FULYA ÇETİN
river under river
24 January –23 February 2013
How one is meant to return is wholly washed or dipped in a revivifying and informing water, something
which impresses upon our flesh the odor of the sacred. Each woman has potential access to [...] this
river beneath the river. Women Who Run With the Wolves, Clarissa Pinkola Estes
“The river-beneath-the river” is a world in which aspects of human nature and vulnerability are revealed
layer by layer. In this world, where each painting can be read as a catalyst of meaning, Fulya Çetin calls
the audience to get in this river and take a journey of their own. In this way, each person can dive into
layers of meaning and discover a unique path by following his or her own intuition.

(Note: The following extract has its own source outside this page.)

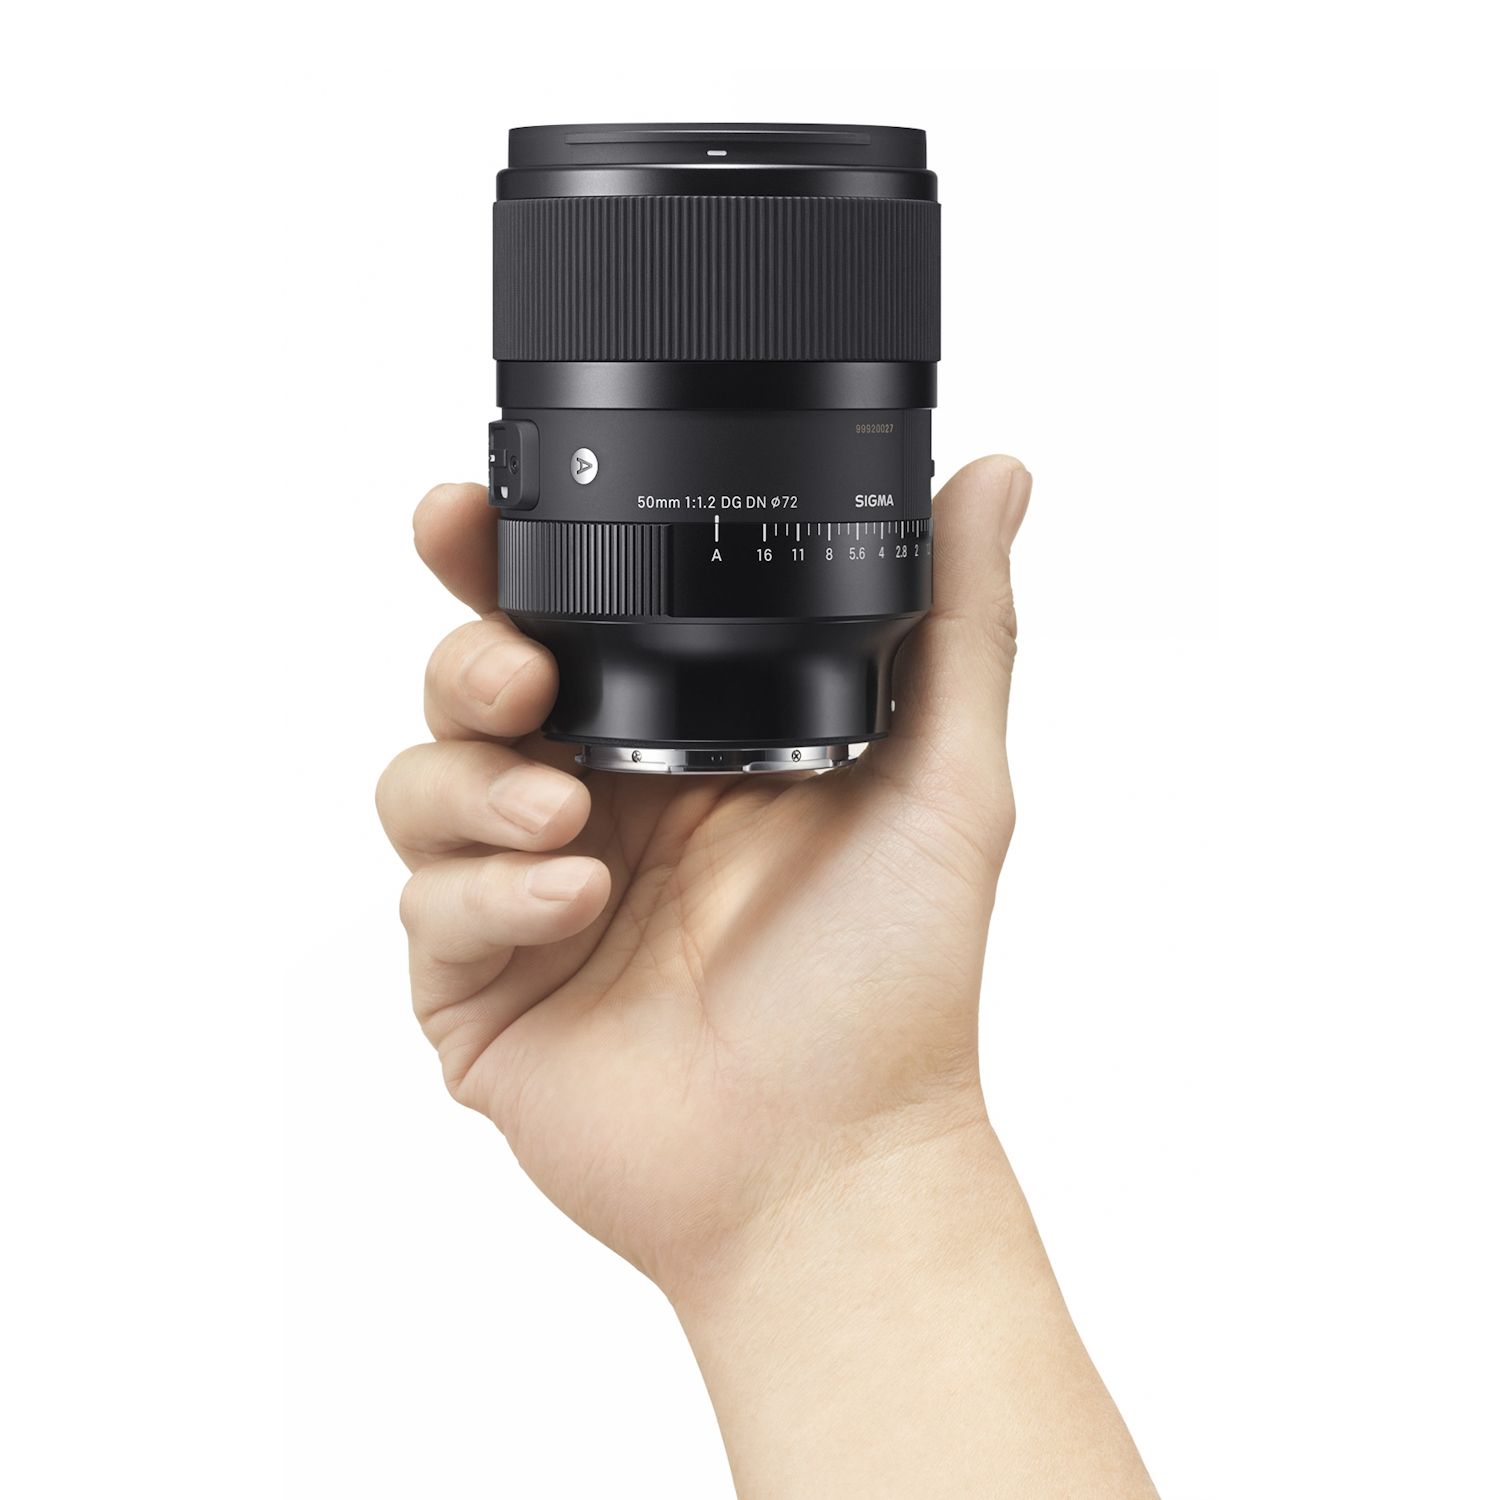 Sigma 50mm f/1.2 DG DN Art Lens for Sony E-Mount

This exhibition, featuring mostly oil-on-canvas paintings and drawings Çetin has created over the last
couple of years, promises to reveal further meanings when the viewer delves deeper into this world
beneath the river. This is why the most striking common feature of the works here is that they relate to
each other, somehow through their contradictory or conflicting meanings and open the layers. By
portraying a moment containing movement like a frozen digital image, Çetin combines the aesthetics of
the digital image with painting and makes us question the new meanings that emerge from this
combination.
Thus, for example, she juxtaposes a painting of two people who are very close to each other and the
distorted style of painting creates a sense where we do not understand whether they are showing
compassion or violence such as in another painting of a bundle of fragile roses. Similarly, her paintings
in which she looks at an empty road or a patch of woods through a night-vision aesthetic, attribute
wildness to human-made machines (cameras) and innocence to the wild. A similar tension can be
observed between the figures in some of her works. The painting portraying three Japanese tourists
caught between awe and terror and unable to decide whether to move closer to or away from three
swans they happen to see in a pond, suggests an inevitable parallelism with the painting that portrays a
middle class European family on a nice small boat entering a dark canal.
This movement, based on distance, contact and lack of contact between the figures, takes the shape of
obvious but calm conflict in other paintings. The works in which Çetin depicts naked human bodies in
contact with wild animals, when read in relation with the other paintings, show themselves not as an
alternative to humanity’s already lost connection to nature, but as a warning against becoming inured
to this separation.
Taking shape primarily around the themes of vulnerability, conflict, and lack of contact, the deep bonds
between these paintings and the intertwining meanings they express can take anyone to his or her own
river-world. That is why these paintings connecting to each other in zigzags, parallels, and crosses,
invite the audience to realize their own weaknesses and lack of connection and to bathe fully in this
“river-beneath-the river”.
Fulya Çetin (born in Istanbul, 1970) graduated from Mimar Sinan University department of painting in
1995. This is her first solo show with artSümer after the latest one in 2010 titled ‘Collector of
Devastations’. Selected group shows include ‘Güllük Gülistanlık’ (Opelvillen, Germany, 2012), ‘Reality
Terror’ (DEPO, 2012), ‘Animal-like’ (Milk, 2012), Prescript (Rumeli Han, 2012), ‘Where the Fire Struck’
(DEPO, 2011), ‘Good Night’ (Manzara Perspectives), 2011), ‘Plastic Doll’ (Masa Projesi, 2009), ‘Spring
Cleaning’ (Karşı Sanat, 2006). She has participated in projects with the artist initiative Hafriyat Karaköy
many times. The artist lives and works in Istanbul.